A friend who regrets her abortion writes: "Here's something you might want to link to. Really beyond the pale. Anne Lamott writes a lot about her conversion from being a bitter leftist alcoholic to a despairing leftist born-again Christian. But her conflation of abortion with redemption is quasi-hysterical here."
It sure is — as are Lamott's other observations sparked by an experience she had while sitting on a panel discussing social justice, where she was confronted by a pro-lifer in the audience:
I wanted to express calmly, eloquently, that pro-choice people understand that there are two lives involved in an abortion — one born (the pregnant woman) and one not (the fetus) — but that the born person must be allowed to decide what is right....To which I would add: How thoughtful of Annie Lamott to remind us how much more Presidents Carter and Clinton cared about unborn life than the current administration. After all, they were good Democrats who took care of the desperately poor, so they had the extra brain power and resources to consider the rights of the unborn....What? You mean they didn't?
I am so confused about why we are still having to argue with patriarchal sentimentality about teeny weenie so-called babies — some microscopic, some no bigger than the sea monkeys we used to send away for — when real, live, already born women, many of them desperately poor, get such short shrift from the current administration.

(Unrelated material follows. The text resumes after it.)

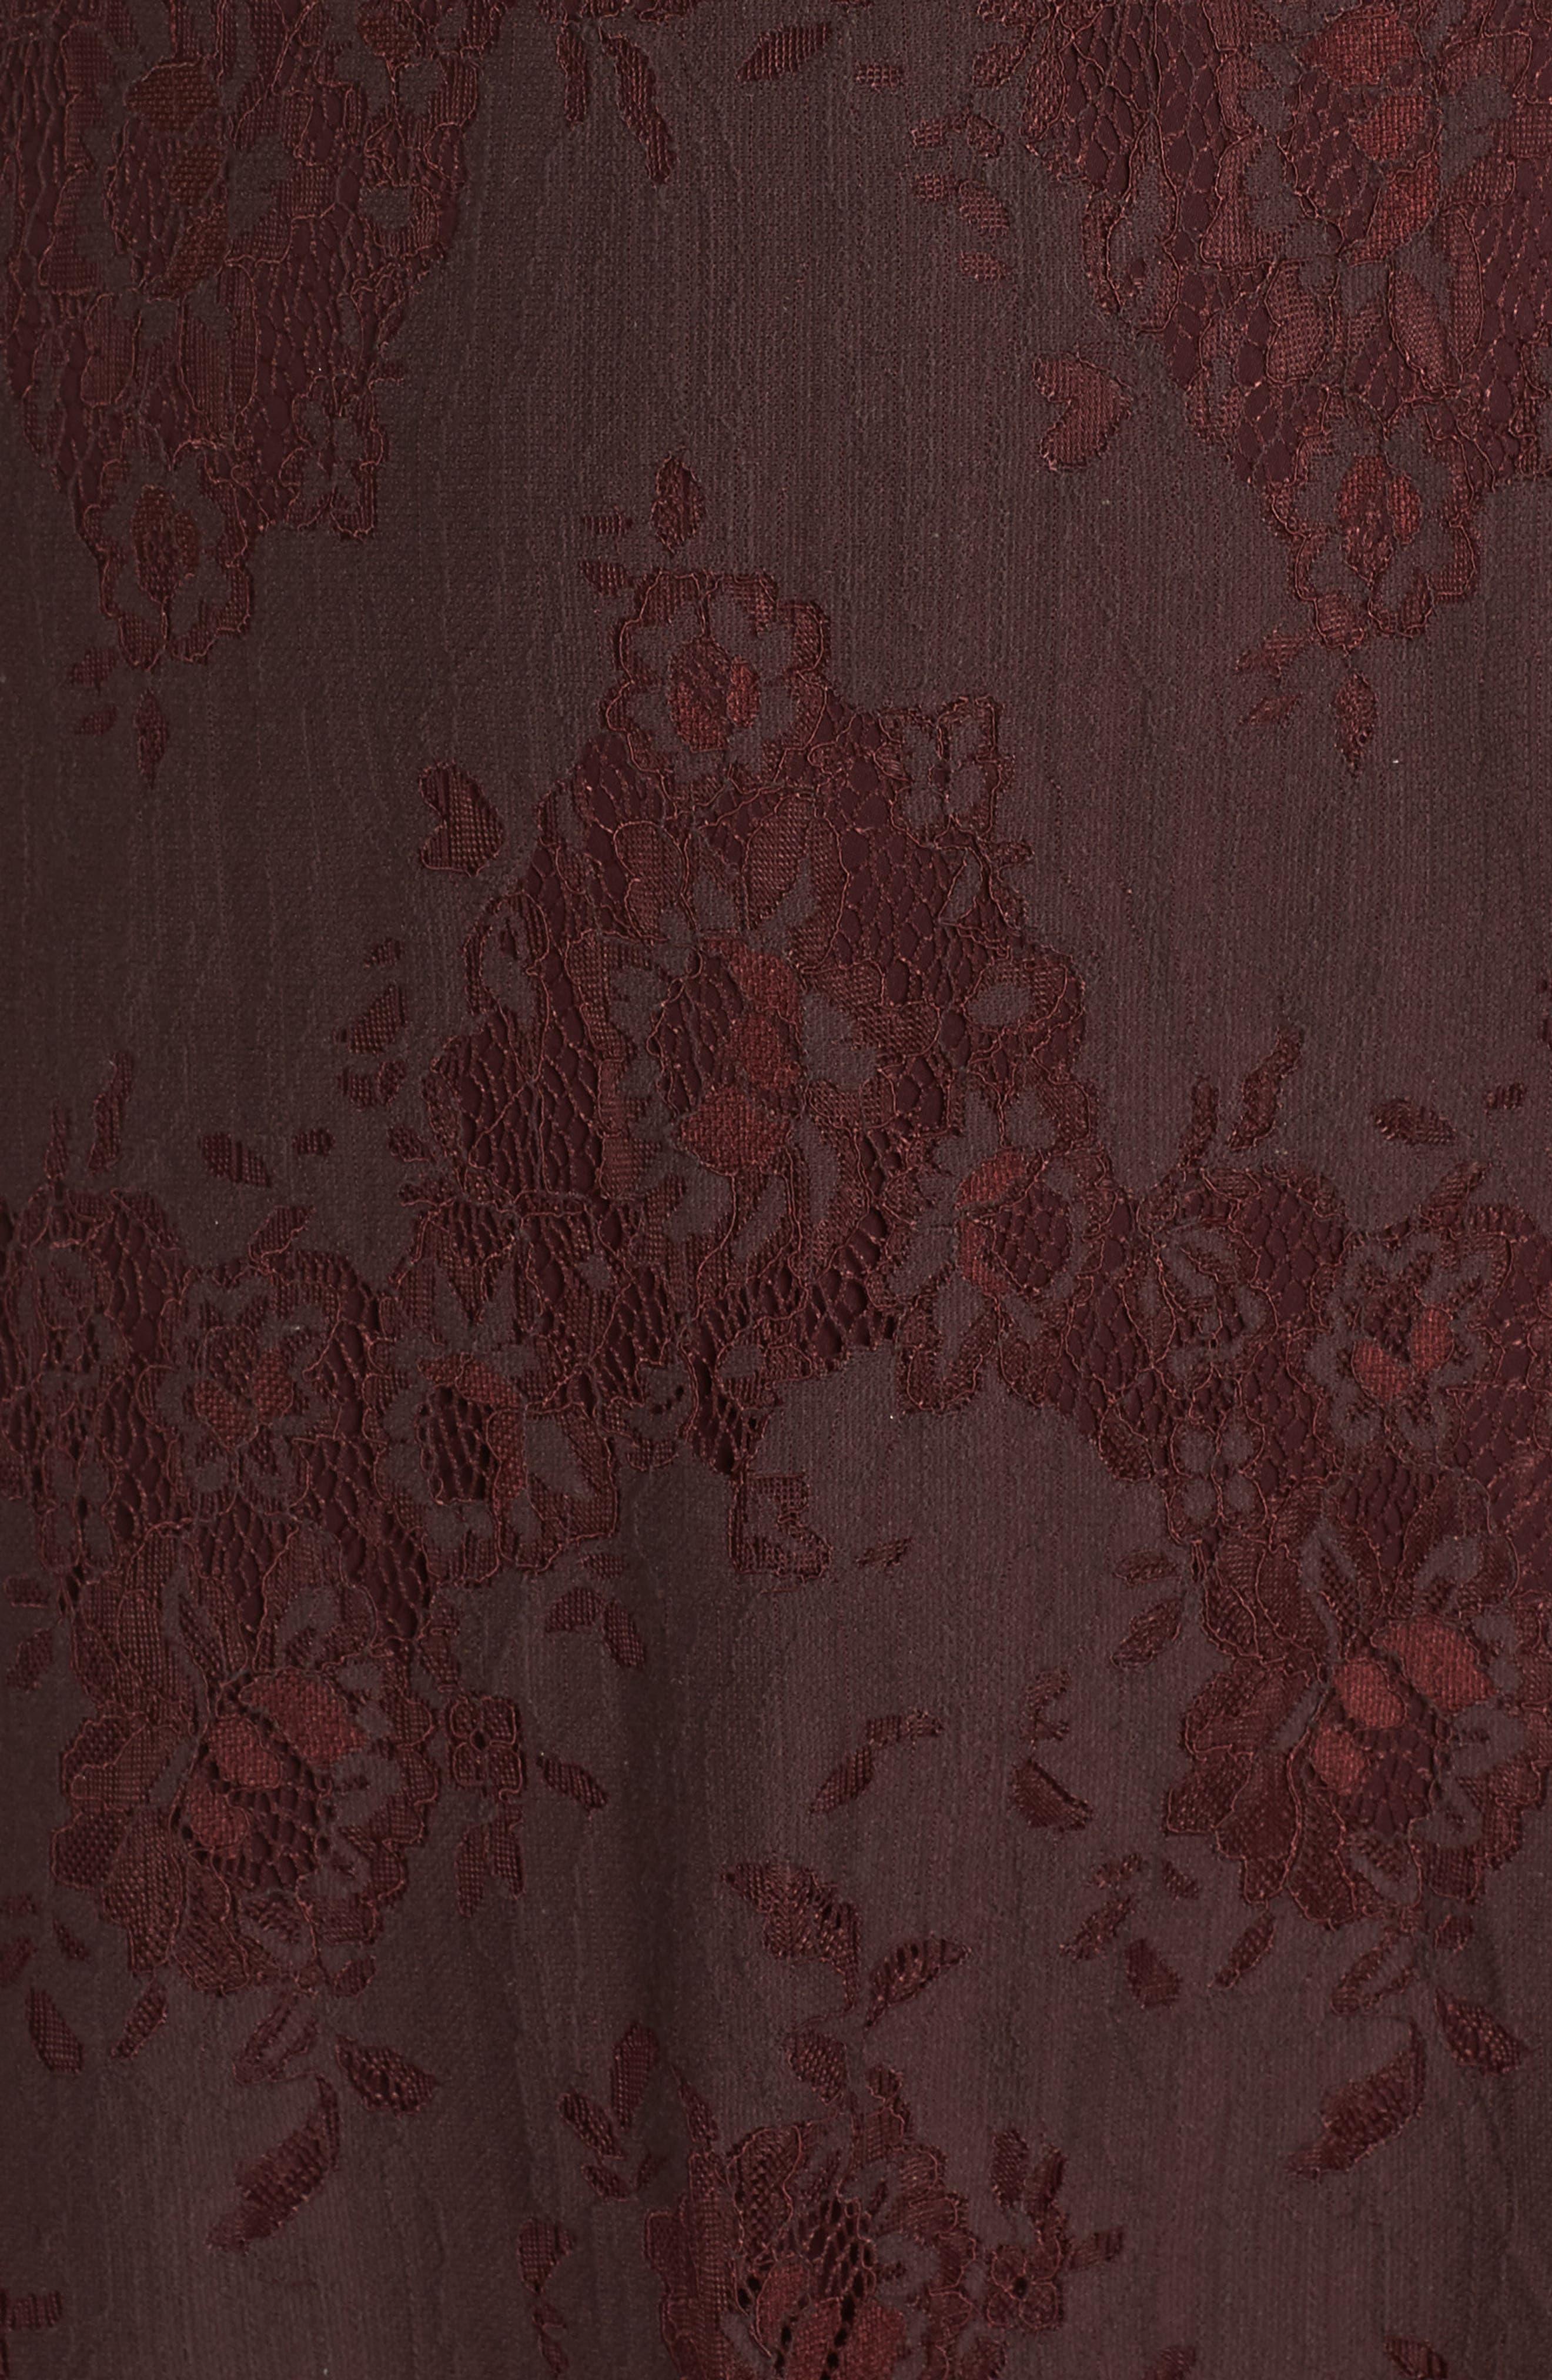 Cold Shoulder Lace A-Line Dress,                             Alternate thumbnail 5, color,                             600

Most women like me would much rather use our time and energy fighting to make the world safe and just and fair for the children we do have, and do love — and for the children of New Orleans and the children of Darfur. I am old and tired and menopausal and would mostly like to be left alone: I have had my abortions, and I have had a child.
As for "patriarchal sentimentality," what does it say about feminism that caring about children's fate is patriarchal? Apparently a good matriarchal, fertility-goddess-loving culture is expected to eat its young.
Lamott goes on:
But as a Christian and a feminist, the most important message I can carry and fight for is the sacredness of each human life, and reproductive rights for all women is a crucial part of that: It is a moral necessity that we not be forced to bring children into the world for whom we cannot be responsible and adoring and present. We must not inflict life on children who will be resented; we must not inflict unwanted children on society.Ladies and gentlemen, Margaret Sanger has returned to the building. But perhaps we've got a new slogan for the pro-life movement here: "Life. Inflict it."